La politica può essere brutale, cinica e, anche, molto sporca. Difficile immaginare però un gioco più cinico e, appunto, sporco di quello giocato dal partito democratico statunitense in alcune competizioni elettorali di questo interminabile ciclo pre mid-term. I democratici hanno infatti deciso d’intervenire attivamente in numerose primarie repubblicane, sostenendo (con finanziamenti diretti o pubblicità elettorali) la campagna dei candidati trumpiani più radicali e, negli auspici, improbabili. Il ragionamento è semplice: in collegi o Stati dove vi è un consistente elettorato conservatore moderato, la candidatura di piccoli Trump galvanizza la propria parte e induce questo elettorato all’astensione o, addirittura, a votare democratico.
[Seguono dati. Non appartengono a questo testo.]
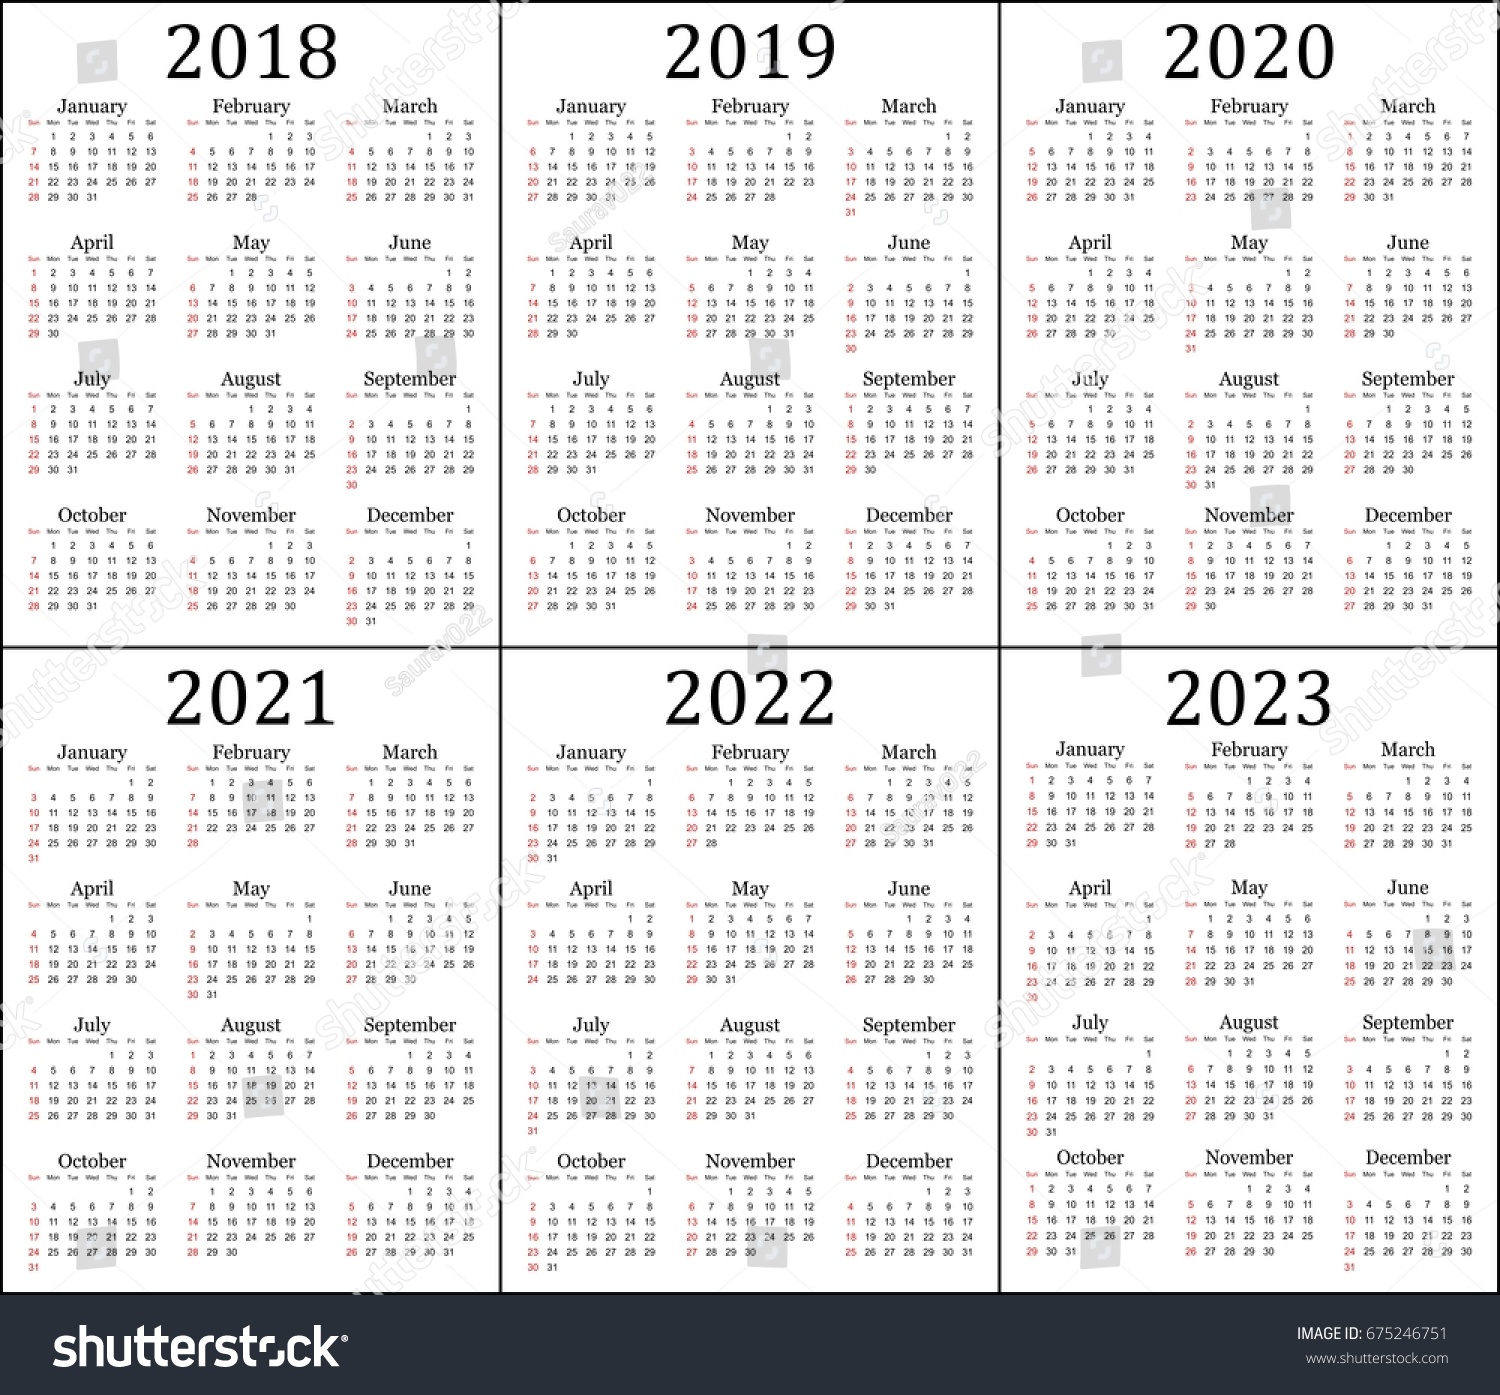 Six Year Calendar 2018 2019 2020 Stock Vector (Royalty Free) 675246751

I casi sono stati numerosi e , talora, eclatanti, come in Pennsylvania dove a correre come governatore vi sarà il senatore dello Stato Doug Mastriano, che partecipò all’assalto al Congresso del 6 gennaio 2021, o il Maryland, dove sarà candidato un altro trumpiano doc, Dan Cox, che alle primarie ha sconfitto la candidata sostenuta dal governatore uscente, Larry Hogan, uno dei repubblicani che più si è opposto alla deriva trumpiana del partito. Su tutti spicca però la storia delle primarie repubblicane nel 3° distretto del Michigan. Dove l’intervento democratico a sostegno del candidato trumpiano John Gibbs è stato probabilmente decisivo. E dove a essere sconfitto è risultato il giovane deputato Peter Meijer: un repubblicano moderato, eletto solo due anni prima e che, appena insediatosi alla Camera, aveva votato (con appena altri 9 colleghi repubblicani) l’impeachment di Trump. Esattamente il profilo di repubblicano moderato che, nella retorica spesso dispiegata dai democratici, costituirebbe l’interlocutore con cui dialogare e promuovere una pragmatica politica bipartisan.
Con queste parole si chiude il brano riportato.